One application, for example, is efficient directional drilling in hard and abrasive layered formations of S-shape and J-shape profiles. Another is drilling build-ups to precise horizontal landing depths, or drilling absolutely vertical holes in wells that have long, heavy-wall liner sections that are run with inner strings and mechanical-set liner hanger packers. A dogleg can result in a liner that won’t go down yet is too heavy to retrieve.
Rotary steerables also can assist the acquisition of geological data. For example, they can be used in fractured carbonate to drill extended-reach, smooth boreholes that can be logged with un-rotatable imaging tools conveyed on drill pipe. The measure of success, and a large part of the remuneration, for the RSS used was based on imaged meterage, not drilled meterage. These wells were drilled with an inclination-hold feature that kept the trajectory as straight as possible.
Another geological application is the use of rotary steerables to accompany an azimuthal deep-reading measurement used to geosteer the well. The elimination of sliding removed blind zones, consequence of azimuthal logs, and the near-bit inclination helped the directional driller avoid over-steering when the geosteering team requested an inclination change.
This article will describe these applications, explaining how specific problems were solved with rotary steering.
Drilling motors drill straight when rotating and must be slid to drill a curve. Rotary steerable systems drill both straight and curved sections while rotating. The elimination of sliding solves many drilling problems, such as maintaining the tool face orientation, slow sliding or inability to slide, poor hole cleaning when sliding, poor hole quality from rotating the motor bend and borehole tortuosity.
The rotary steerable tools used in the examples discussed here use an internal geostationary reference with everything external rotating at the drillstring rpm. The directional force on the bit in one tool is applied with a hydraulically activated pad; in the other, the bit itself is tilted. Both tools have near-bit inclino-meters, of which one was used for closed-loop steering to hold a constant inclination.

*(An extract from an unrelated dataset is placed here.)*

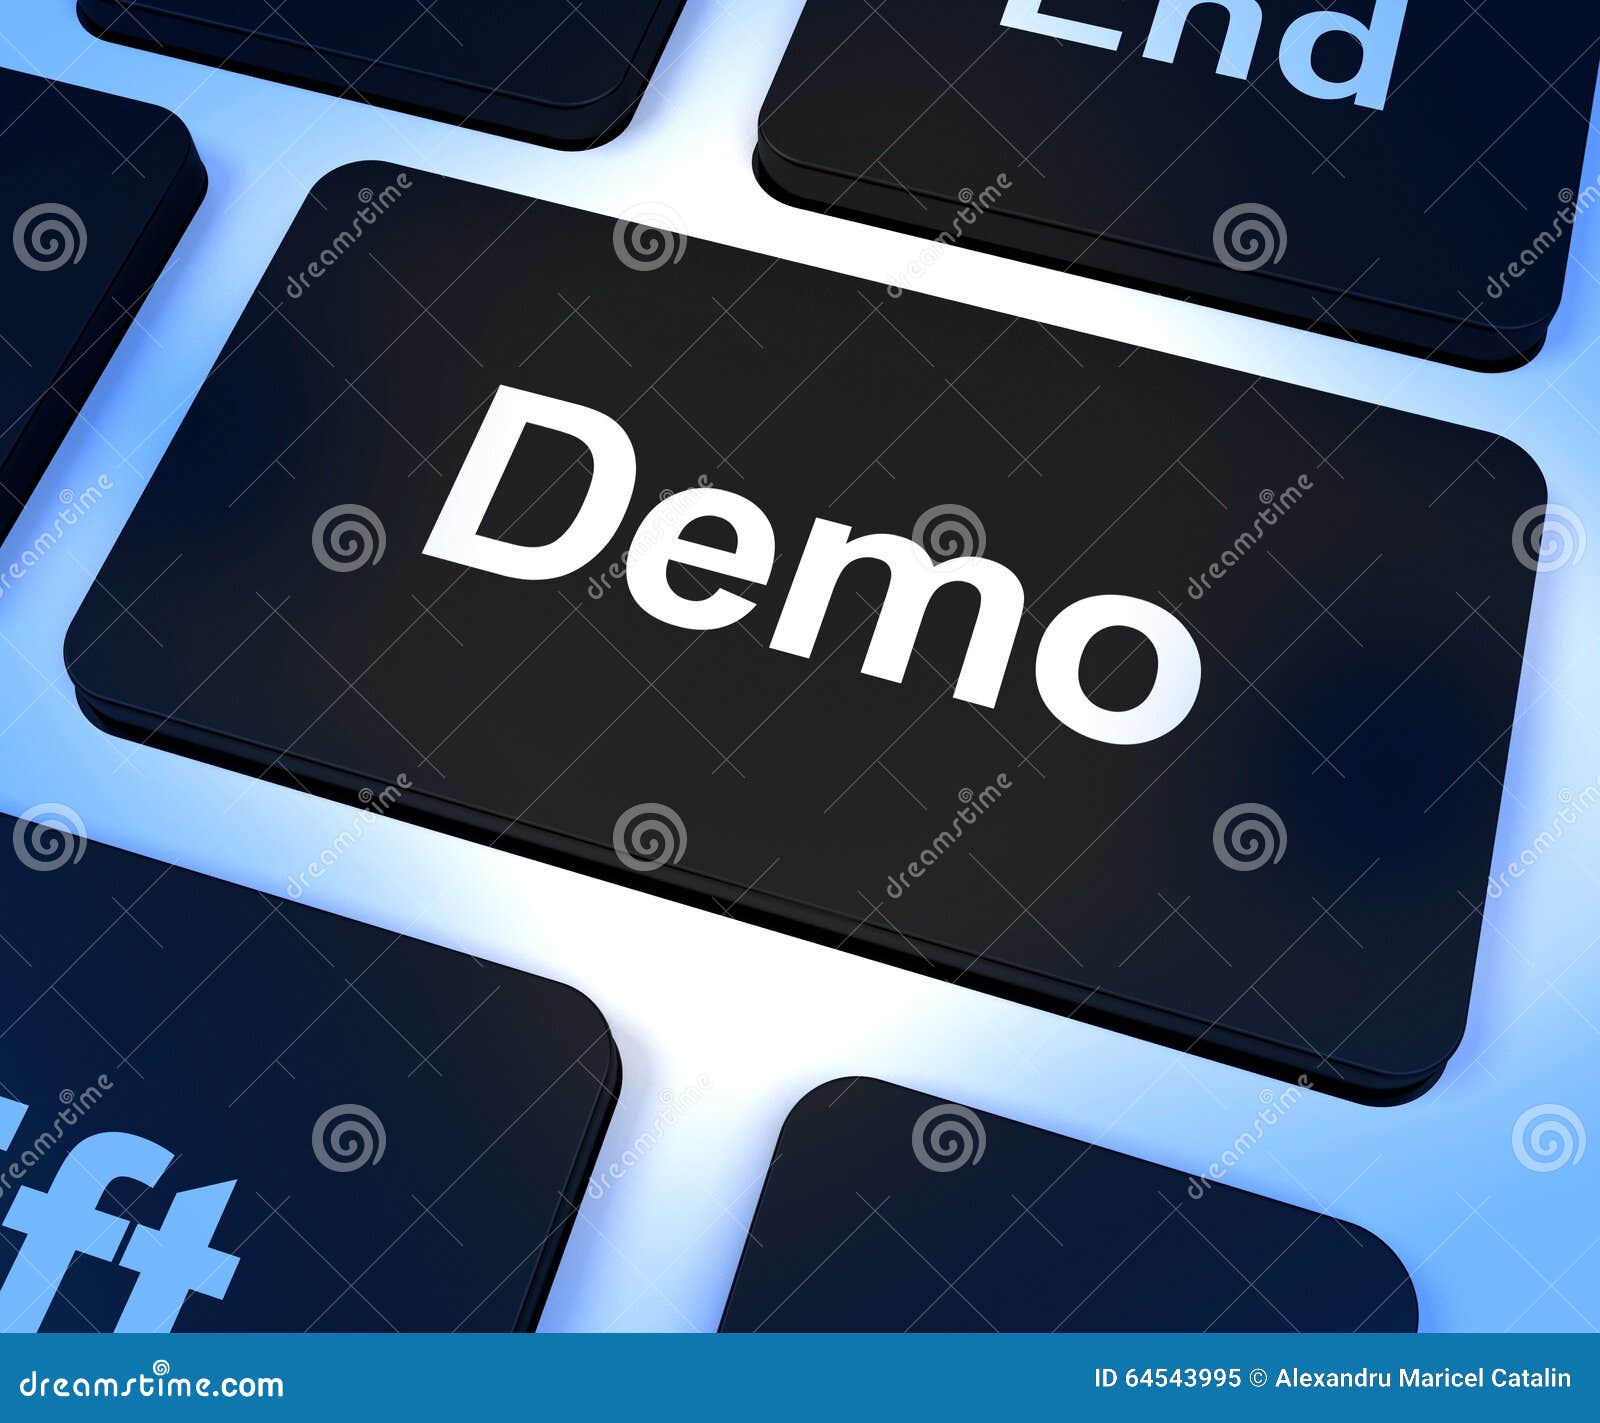 demo computer key to download a version of software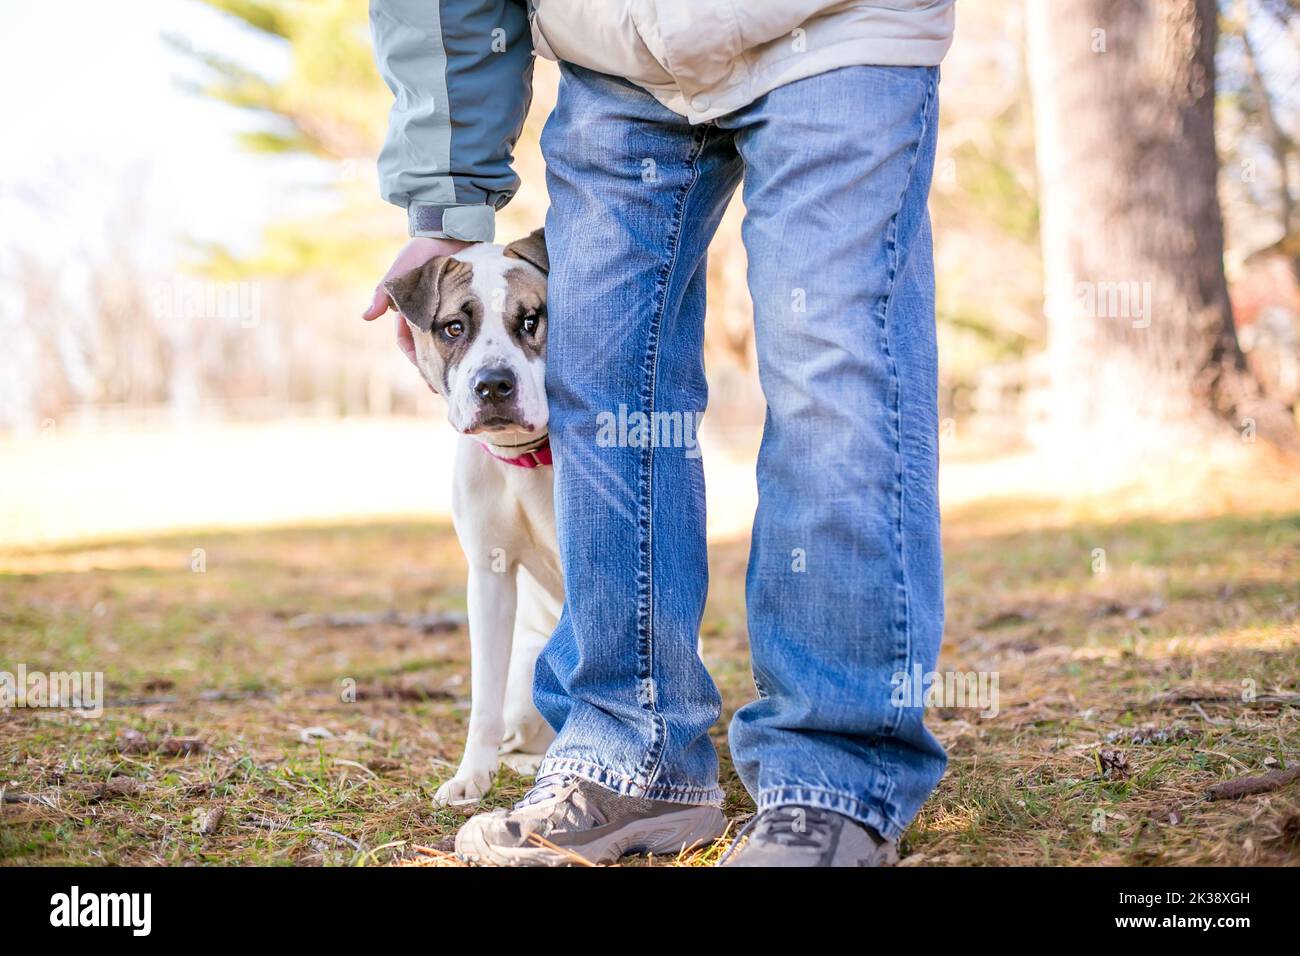 A shy mixed breed dog hiding behind a person with a nervous expression on its face Stock Photo

This continuous inclination is available in real time, although it’s not necessary to have communication to surface for automated directional control.
Fast deep sidetrack with low dogleg severity
The closest directional well to the planned sidetrack was drilled with motors in a S-shaped 12 ¼-in. hole. This S-section took 43 days and 11 bit runs to drill a departure of 1,110 m, from 912 m to 3,398 m measured depth (MD). The objective of the new sidetrack was to set 7-in. casing at zero inclination and 560 m laterally displaced from the original well for a vertical 5 7/8-in. penetration of the gas-bearing formations down to 4,000 m TVD. It has previously taken approximately one month to drill the vertical section from 3,000 m to 4,000 m, so if the S-shape has high doglegs, there is a possibility of high drilling torque in the 5 7/8-in. hole and increased wear in the 7-in. casing.
To minimize the doglegs and to shorten the drilling time of the 8 3/8-in. and 5 7/8-in. sections, a point-the-bit rotary steerable system was used to drill the 8 3/8-in. S-section (Figure 1). The S-section took 10 days and one bit to drill from 1,551 m to 3,133 m MD. The ROP was comparable to offset vertical wells and considerably faster than the previous directional well. The modeled decrease in drilling torque for the vertical 5 7/8-in. section down to 4,000 m between the first 1,110-m departure wells to the rotary-steered 560-m departure well was 43%. However, the actual decrease was 63% (Figure 2). The payment metric for drilling the S-shape was calculated per meterage drilled, plus a drilling penetration rate bonus.
Fast, geometrically precise drilling
A green oil field, where development began only recently, has both a gas cap and a water contact. The vertical landing depth at the start of the horizontal laterals in the oil rim is therefore critical. The build to horizontal with these wells was more difficult than typical horizontal wells in Oman because of their greater depth — 3,200 m vertical rather than the usual 700–1,200 m — and the abrasive hard, clastic formations that occur at this depth.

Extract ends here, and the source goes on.